Hybrid Knowledge Graph + Vector Search RAG  ·  Neo4j  ·  Pinecone  ·  GPT-4o  ·  LangChain  ·  React  ·  Python


Architecture Neo4j Pinecone OpenAI React Python



What Is This?

Most company knowledge is trapped across two completely separate systems that never talk to each other.

Org charts and HR tools know who reports to whom, who owns which project, and how teams are structured — but they cannot search what people have actually written.

Search tools like Google Drive or Confluence can find documents that mention a keyword — but they have no concept of relationships, ownership, or structure.

OrgMind closes this gap by combining both into a single intelligent assistant. Ask it anything that touches who and what simultaneously:

"Who should I talk to about the payments feature,
 and what have they written about security?"

OrgMind responds in under 5 seconds:

"Alice leads the Payments team.

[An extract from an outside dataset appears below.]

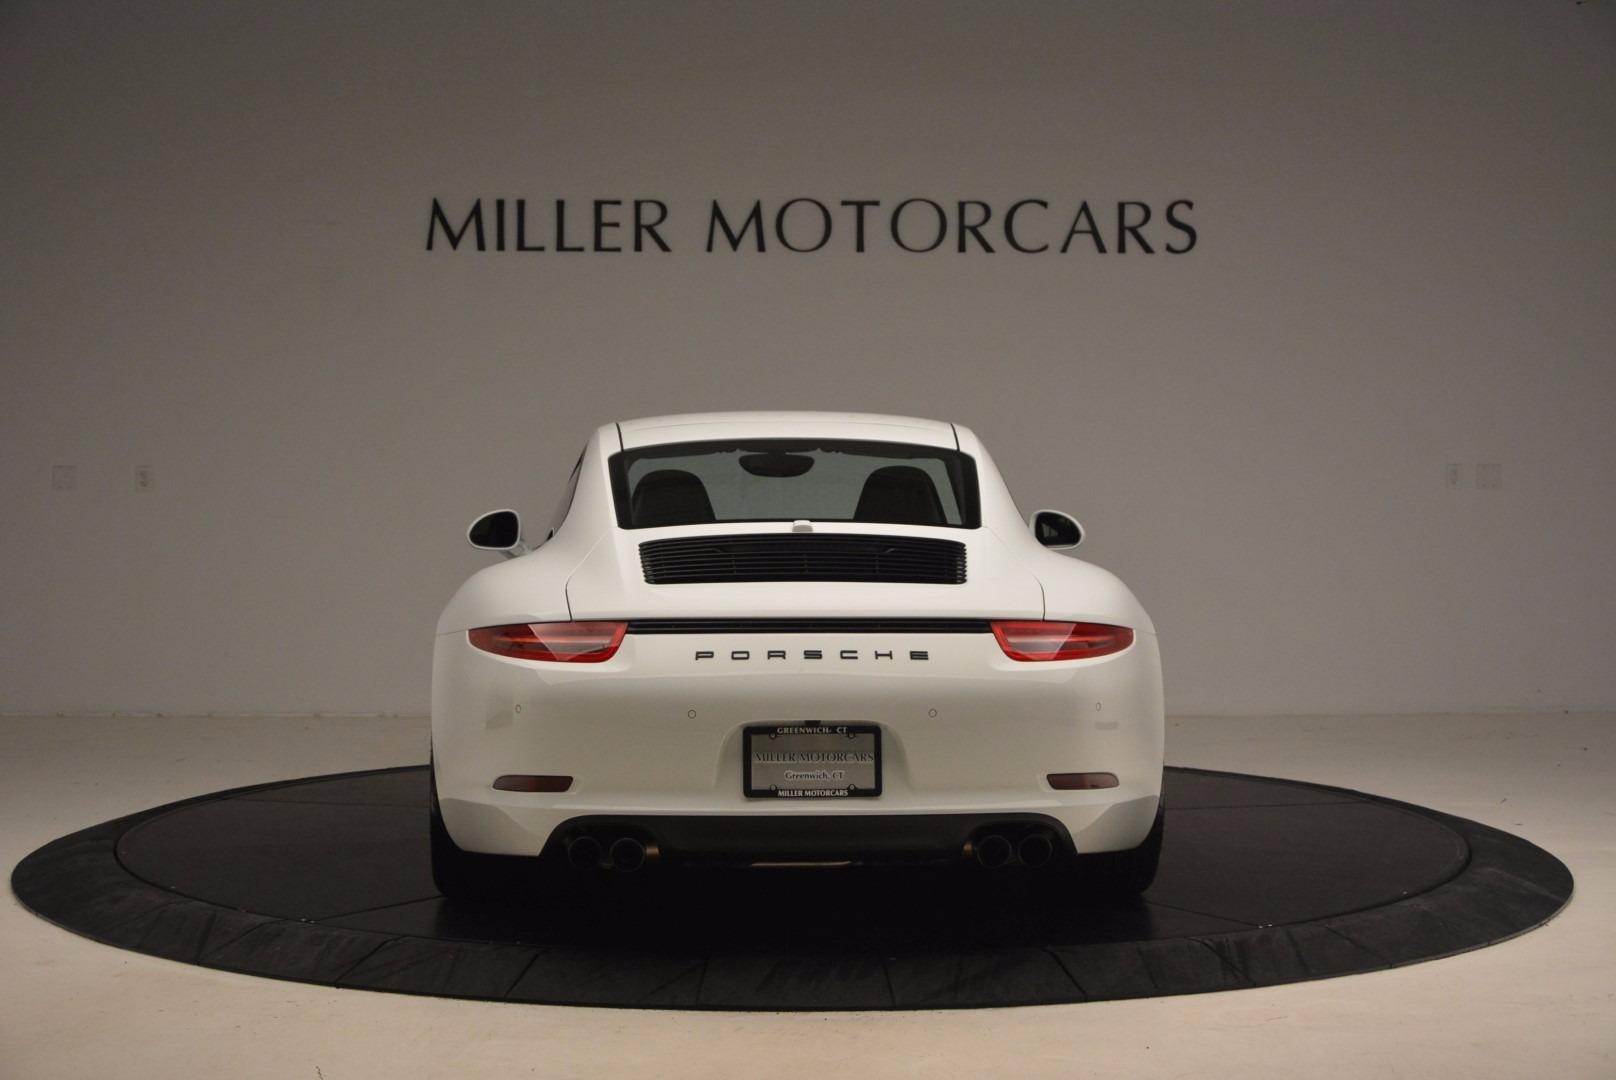 Used 2015 Porsche 911 Carrera GTS For Sale In Greenwich, CT 1444_p6

In her March 2024 architecture doc, she specifically argued that all payment APIs must enforce TLS 1.3 — here's the relevant section."

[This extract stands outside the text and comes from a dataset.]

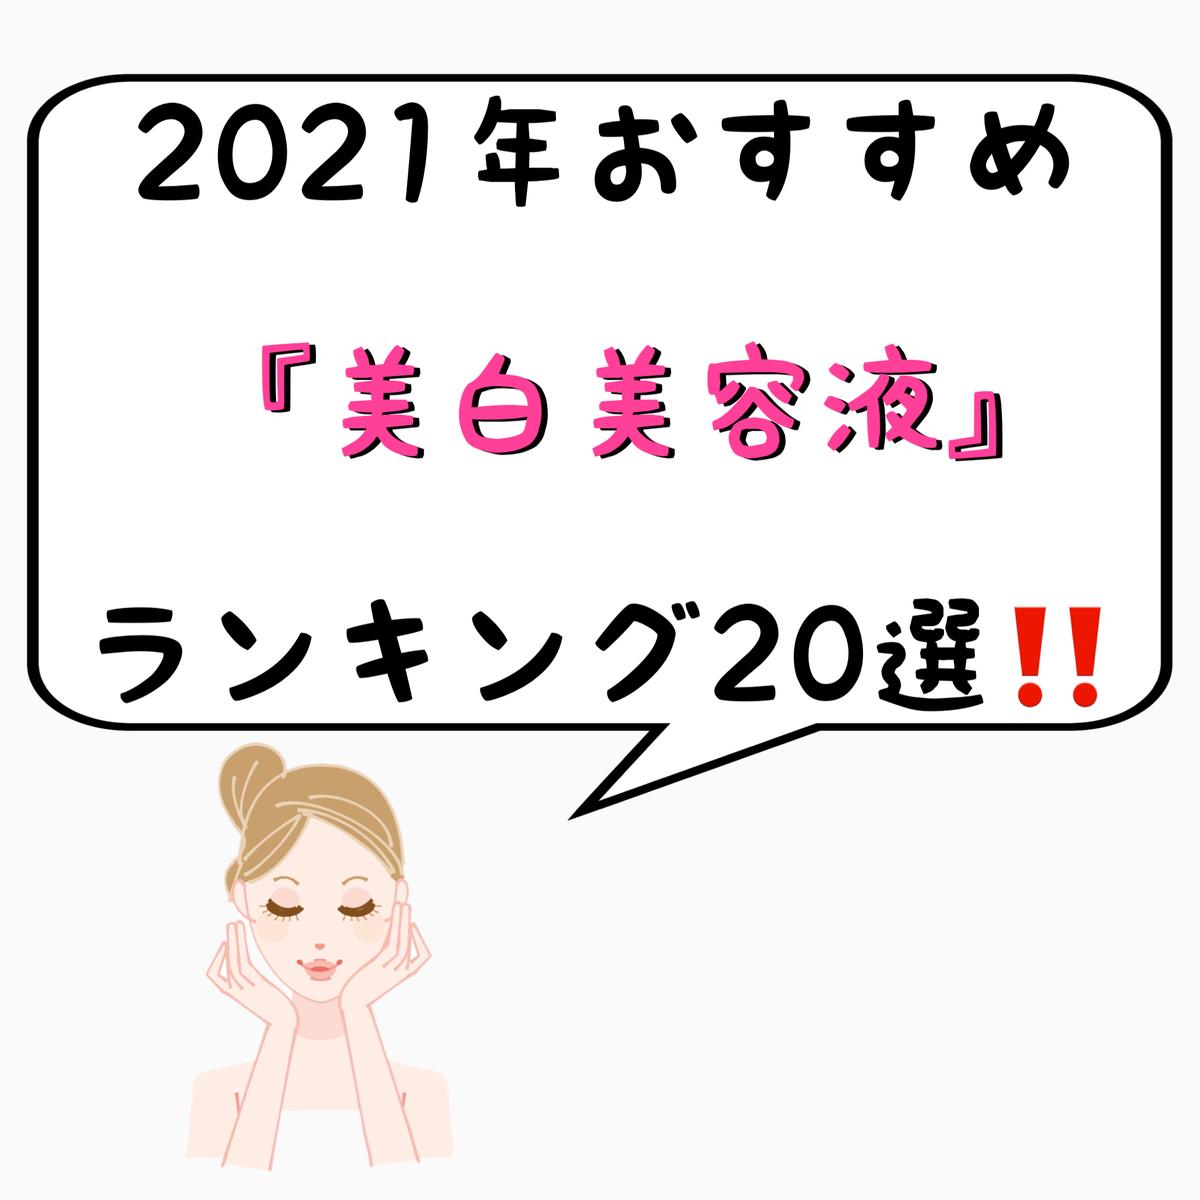 f:id:nokonoko_o:20210122120414j:plain

No manual org chart digging. No keyword searching. One question, one answer, with cited sources.



How It Works

Every query runs through a 4-stage pipeline:

User Question
      │
      ▼
┌──────────────────────────────┐
│  Stage 1: Query Decomposition │  ← LLM extracts entities + classifies intent
└──────────────┬───────────────┘
               │
       ┌───────┴────────┐
       ▼                ▼
┌────────────┐    ┌─────────────────┐
│   Neo4j    │    │    Pinecone     │
│  Graph DB  │    │   Vector Store  │
│ Traversal  │    │   Retrieval     │
└─────┬──────┘    └──────┬──────────┘
      │                  │
      └─────────┬─────────┘
                ▼
┌──────────────────────────────┐
│  Stage 4: Context Fusion     │  ← GPT-4o writes a grounded, cited answer
└──────────────────────────────┘

Stage 1 — Query Decomposition The user's natural language question is parsed by an LLM that extracts named entities (people, projects, teams) and classifies intent as relational, semantic, or hybrid.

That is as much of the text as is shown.